**Exercise inputs**
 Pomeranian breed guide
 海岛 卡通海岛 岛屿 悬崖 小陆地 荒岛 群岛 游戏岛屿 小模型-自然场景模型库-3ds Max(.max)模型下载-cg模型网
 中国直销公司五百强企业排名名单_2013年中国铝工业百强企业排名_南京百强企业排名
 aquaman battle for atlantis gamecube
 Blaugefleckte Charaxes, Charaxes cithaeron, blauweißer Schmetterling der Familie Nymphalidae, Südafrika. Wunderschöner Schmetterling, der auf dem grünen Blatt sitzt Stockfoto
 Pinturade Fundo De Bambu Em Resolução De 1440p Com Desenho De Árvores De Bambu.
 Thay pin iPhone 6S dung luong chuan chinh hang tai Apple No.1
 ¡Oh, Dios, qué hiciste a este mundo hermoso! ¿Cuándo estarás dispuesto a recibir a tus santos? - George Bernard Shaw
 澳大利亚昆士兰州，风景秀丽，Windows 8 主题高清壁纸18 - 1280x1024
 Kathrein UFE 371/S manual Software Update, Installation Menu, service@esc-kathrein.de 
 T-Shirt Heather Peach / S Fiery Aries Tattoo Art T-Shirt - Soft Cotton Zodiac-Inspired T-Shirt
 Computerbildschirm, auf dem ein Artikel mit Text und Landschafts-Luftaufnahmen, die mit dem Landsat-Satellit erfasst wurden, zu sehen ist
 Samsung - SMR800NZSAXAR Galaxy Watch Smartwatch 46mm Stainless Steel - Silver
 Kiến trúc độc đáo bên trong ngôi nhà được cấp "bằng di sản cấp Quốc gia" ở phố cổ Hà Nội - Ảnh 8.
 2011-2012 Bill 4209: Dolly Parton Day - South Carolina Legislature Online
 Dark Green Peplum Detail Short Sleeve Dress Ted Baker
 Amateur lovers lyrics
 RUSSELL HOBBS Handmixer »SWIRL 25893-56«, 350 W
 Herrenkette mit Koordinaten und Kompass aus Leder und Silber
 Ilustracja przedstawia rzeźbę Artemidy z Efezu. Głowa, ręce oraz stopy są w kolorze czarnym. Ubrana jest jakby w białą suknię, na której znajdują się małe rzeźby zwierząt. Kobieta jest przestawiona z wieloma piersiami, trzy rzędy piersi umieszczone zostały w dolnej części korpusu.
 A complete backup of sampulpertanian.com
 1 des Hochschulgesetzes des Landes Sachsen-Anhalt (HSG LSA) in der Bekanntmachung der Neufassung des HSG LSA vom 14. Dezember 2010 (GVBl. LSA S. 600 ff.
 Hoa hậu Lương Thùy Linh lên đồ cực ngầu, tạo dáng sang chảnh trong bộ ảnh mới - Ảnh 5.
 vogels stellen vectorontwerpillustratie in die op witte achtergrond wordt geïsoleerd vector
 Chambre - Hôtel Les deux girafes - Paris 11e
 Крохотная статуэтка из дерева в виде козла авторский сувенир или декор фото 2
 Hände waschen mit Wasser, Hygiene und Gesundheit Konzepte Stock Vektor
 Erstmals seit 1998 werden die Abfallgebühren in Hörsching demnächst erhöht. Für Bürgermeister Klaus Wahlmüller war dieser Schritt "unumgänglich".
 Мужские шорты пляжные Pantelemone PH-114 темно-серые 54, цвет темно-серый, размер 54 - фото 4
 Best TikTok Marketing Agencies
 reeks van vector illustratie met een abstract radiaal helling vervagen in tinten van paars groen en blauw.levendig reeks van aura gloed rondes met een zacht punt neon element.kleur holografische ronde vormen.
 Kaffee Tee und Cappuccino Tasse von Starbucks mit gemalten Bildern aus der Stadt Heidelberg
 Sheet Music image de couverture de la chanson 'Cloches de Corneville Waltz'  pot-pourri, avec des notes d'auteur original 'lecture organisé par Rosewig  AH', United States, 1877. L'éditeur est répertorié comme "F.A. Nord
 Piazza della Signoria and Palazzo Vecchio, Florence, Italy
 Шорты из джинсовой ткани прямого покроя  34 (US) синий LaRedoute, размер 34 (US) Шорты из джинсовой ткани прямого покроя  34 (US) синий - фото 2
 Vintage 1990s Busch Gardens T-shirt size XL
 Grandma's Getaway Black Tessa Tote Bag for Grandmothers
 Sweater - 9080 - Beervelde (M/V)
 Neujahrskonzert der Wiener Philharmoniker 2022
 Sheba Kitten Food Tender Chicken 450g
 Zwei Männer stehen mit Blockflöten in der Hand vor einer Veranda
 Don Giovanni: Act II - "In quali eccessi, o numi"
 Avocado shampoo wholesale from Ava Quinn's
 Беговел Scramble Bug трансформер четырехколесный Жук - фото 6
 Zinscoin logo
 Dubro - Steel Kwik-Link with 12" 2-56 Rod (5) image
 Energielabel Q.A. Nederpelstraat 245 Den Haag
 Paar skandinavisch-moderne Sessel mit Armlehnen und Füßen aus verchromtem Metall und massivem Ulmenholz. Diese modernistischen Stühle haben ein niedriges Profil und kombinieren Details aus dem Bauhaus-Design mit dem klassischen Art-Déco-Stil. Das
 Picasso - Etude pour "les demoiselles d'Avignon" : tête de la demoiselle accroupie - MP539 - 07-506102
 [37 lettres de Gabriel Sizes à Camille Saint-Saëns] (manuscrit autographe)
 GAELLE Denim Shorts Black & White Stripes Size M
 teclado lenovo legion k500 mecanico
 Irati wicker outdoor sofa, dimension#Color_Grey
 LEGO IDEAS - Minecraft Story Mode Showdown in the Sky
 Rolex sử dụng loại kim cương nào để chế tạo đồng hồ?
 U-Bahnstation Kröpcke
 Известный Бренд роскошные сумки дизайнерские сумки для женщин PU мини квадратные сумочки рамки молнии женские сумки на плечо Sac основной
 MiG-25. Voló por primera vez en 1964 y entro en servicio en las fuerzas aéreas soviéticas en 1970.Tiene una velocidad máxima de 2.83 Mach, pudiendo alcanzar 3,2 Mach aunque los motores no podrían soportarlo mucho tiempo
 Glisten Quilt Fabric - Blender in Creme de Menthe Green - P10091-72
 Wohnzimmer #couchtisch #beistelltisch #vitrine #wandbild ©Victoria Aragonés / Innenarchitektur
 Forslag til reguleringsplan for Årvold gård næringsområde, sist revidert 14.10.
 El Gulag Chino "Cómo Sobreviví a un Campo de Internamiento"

**Exercise aim**
The required output is every line above from the one with "澳大利亚昆士兰州，风景秀丽，Windows 8 主题高清壁纸18 - 1280x1024" down to the one with "Computerbildschirm, auf dem", restated word for word, ends included.

**Answer space**
 澳大利亚昆士兰州，风景秀丽，Windows 8 主题高清壁纸18 - 1280x1024
 Kathrein UFE 371/S manual Software Update, Installation Menu, service@esc-kathrein.de 
 T-Shirt Heather Peach / S Fiery Aries Tattoo Art T-Shirt - Soft Cotton Zodiac-Inspired T-Shirt
 Computerbildschirm, auf dem ein Artikel mit Text und Landschafts-Luftaufnahmen, die mit dem Landsat-Satellit erfasst wurden, zu sehen ist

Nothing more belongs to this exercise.